While studying bile acids from living organisms, Pregl was constantly limited by tiny sample sizes. He established ‘micro-elemental analysis’, allowing measurement of carbon, hydrogen, nitrogen and other elements in samples as small as one milligram. Using a microbalance with 0.01 mg sensitivity, he optimized the length of combustion tubes and oxygen flow to achieve complete burning, then trapped the minute gases with chemical absorbents. The technique shortened analysis time, saved costs and soon became indispensable in drug synthesis, food inspection and more. Microanalysis was later applied to trace environmental pollutants and stimulated the development of today’s high-sensitivity instruments such as mass spectrometers.

Pregl’s microanalysis miniaturized the classical Liebig combustion method and combined manometric and gravimetric measurements. By adding platinum catalyst he achieved complete oxidation at lower temperatures and quantitatively absorbed CO₂ and H₂O with soda-lime and phosphates, respectively. Nitrogen was determined from the volume of N₂ after denitrification, while sulfur was oxidized to SO₂ and precipitated as barium sulfate. Detection limits were reduced to less than 1/50 of previous methods, enabling composition determination of natural products and pharmaceutical compounds available only in microgram quantities. This achievement opened a new branch of analytical chemistry called ‘micro-chemistry’ and inspired the development of modern automatic elemental analyzers (CHN analyzers).

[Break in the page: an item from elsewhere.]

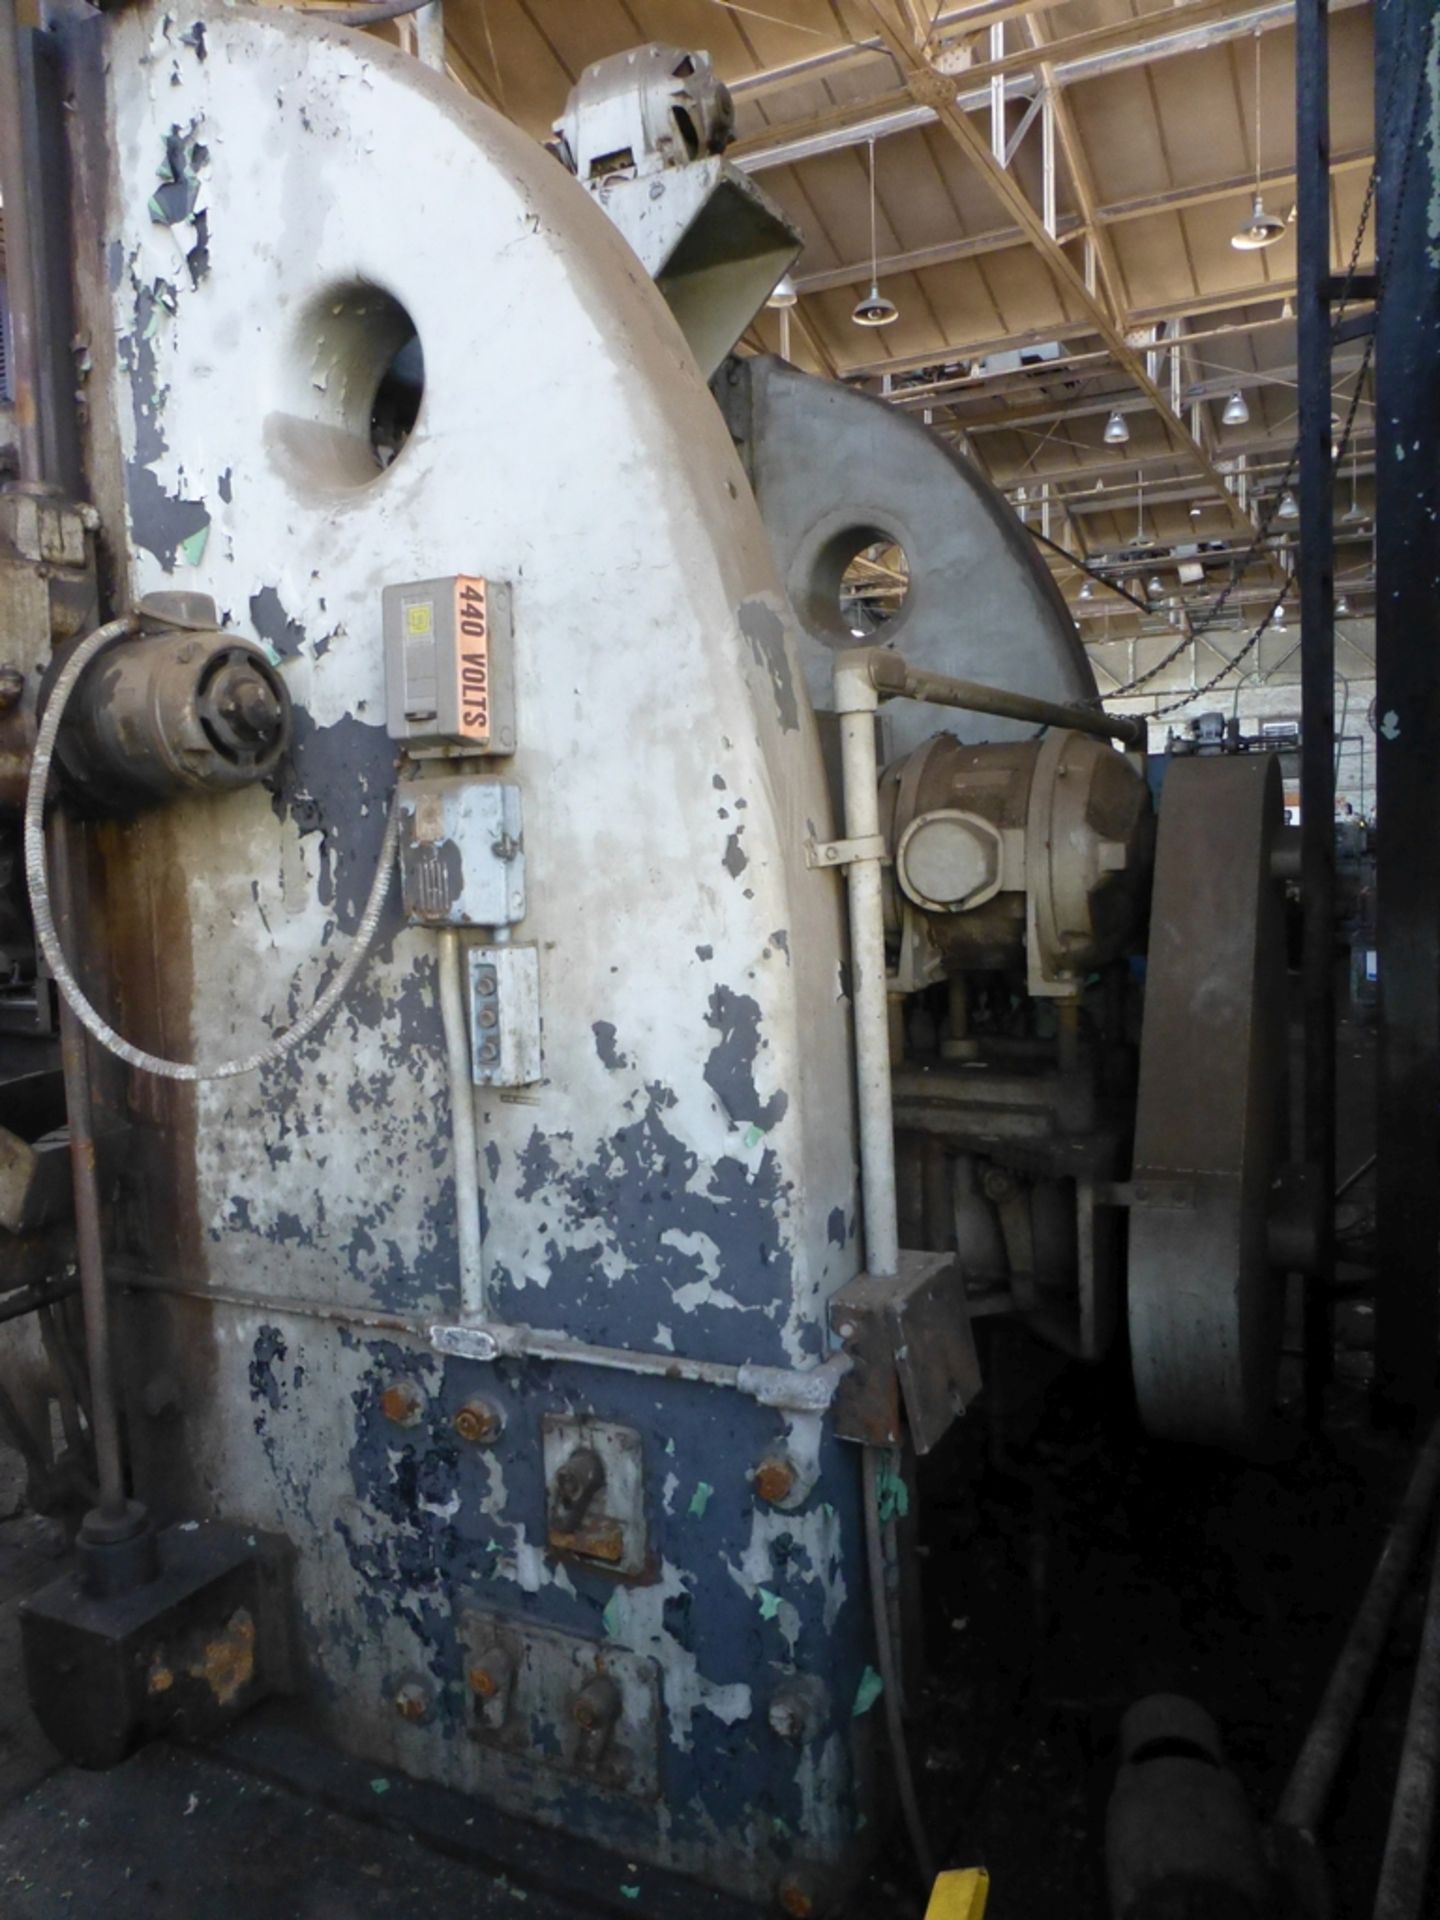 Colburn 72" Vertical Boring Mill|4-Jaw Table; Includes Turret & Ram; Model: 63RR6268; S/N E5256 - Image 11 of 15

Pregl scaled the Liebig method down from 100 mg to 1 mg by overcoming thermal loss and reproducibility issues with a two-stage combustion tube containing a platinized platinum catalyst layer and a glass micro-column. CO₂ was quantified to the 10⁻⁴ level by mass difference after absorption in potassium hydroxide solution; H₂O was trapped in phosphorus pentoxide tubes, and residual O₂ reduced on Cu filament to stabilize internal pressure. For nitrogen he applied a modified Dumas/Kjeldahl approach: gases were separated on a vacuum line and their volume read on a recording manometer. The protocol achieved ±0.2 % absolute accuracy, allowing reliable elemental composition of protein degradation products, bile-acid derivatives and other complex matrices. Pregl’s schematics are essentially identical to the flow diagrams of modern CHNS/O analyzers, showing that the integration of microbalance, high-temperature catalytic combustion and selective absorption formed the technological foundation for later automation and high-throughput multi-sample analysis.